Se llenó el cinto de toda clase de objetos preciosos, desembarcó y encaminóse al palacio real.

Al entrar en el patio vio junto al pozo a una hermosa muchacha ocupada en llenar de agua dos cubos de oro. Al volverse para llevarse el agua que reflejaba los destellos del oro, vio al extranjero y le preguntó quién era. Respondióle éste:

—Soy un mercader.

Y, abriendo su cinturón, le mostró lo que contenía.

—¡Oh, qué lindo! —exclamó ella y, dejando los cubos en el suelo, se puso a examinar las joyas una por una.

Luego dijo:

—Es necesario que la princesa lo vea; le gustan tanto las cosas de oro que, sin duda, os las comprará todas.

Y, cogiendo al hombre de la mano, condújolo al interior del palacio, pues era la camarera principal.

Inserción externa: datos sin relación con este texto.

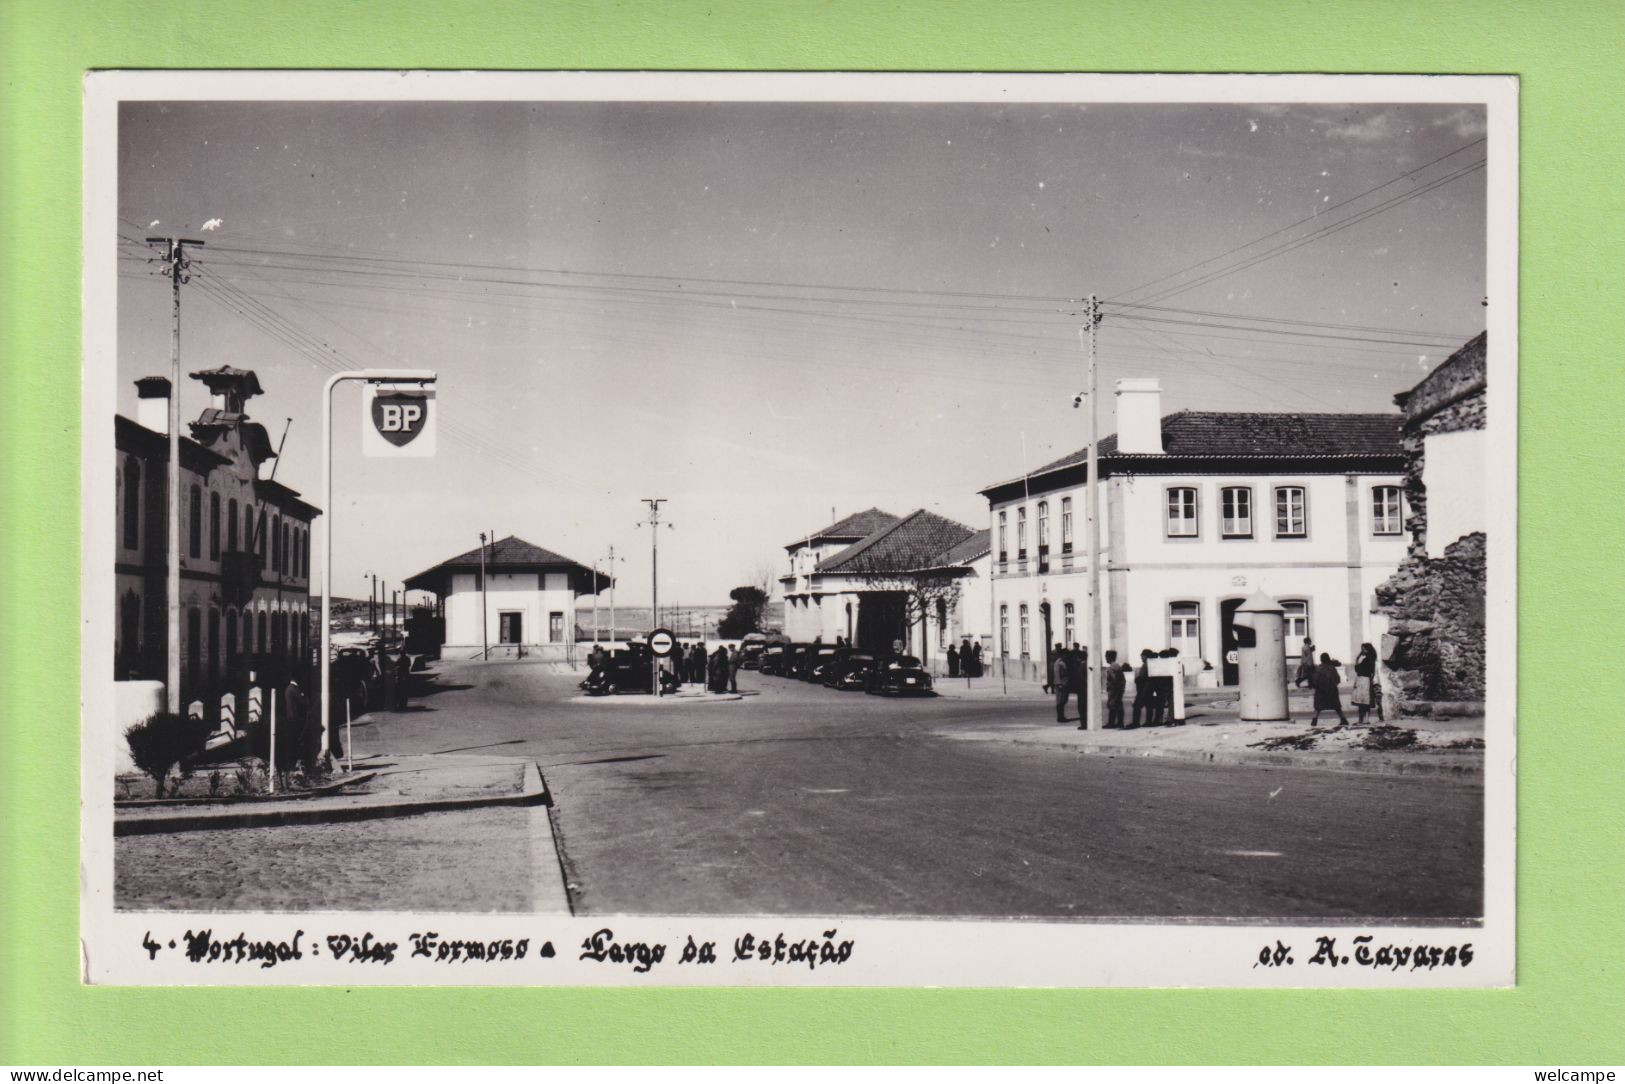 OLD PHOTO Postcard Portugal -  VILAR FORMOSO 1950'S - BP Petrol Station - Guarda

Cuando la hija del Rey vio aquellas maravillas, se puso muy contenta y exclamó:

—Está tan primorosamente trabajado, que te lo compro todo.

A lo que respondió el fiel Juan:

—Yo no soy sino el criado de un rico mercader. No es nada lo que traigo aquí en comparación de lo que mi amo tiene en el barco; lo más bello y precioso que jamás se haya hecho en oro.

Pidióle ella que se lo llevaran a palacio, pero él contestó:

—Hay tantísimas cosas, que precisarían muchos días y más salas que vuestro palacio tiene.

Estas palabras sólo sirvieron para estimular la curiosidad de la princesa, la cual dijo al fin:

—Acompáñame al barco, quiero ir yo misma a ver los tesoros de tu amo.

El fiel Juan, muy contento, la condujo entonces al barco, y cuando el Rey la vio parecióle que su hermosura era todavía mayor que la del retrato, y el corazón empezó a latirle con tal violencia que se lo sentía a punto de estallar.

Subió la princesa a bordo, y el Rey la acompañó al interior de la nave; pero el fiel Juan se quedó junto al piloto y le dio orden de zarpar:

—¡Despliega todas las velas, para que el barco vuele más veloz que un pájaro!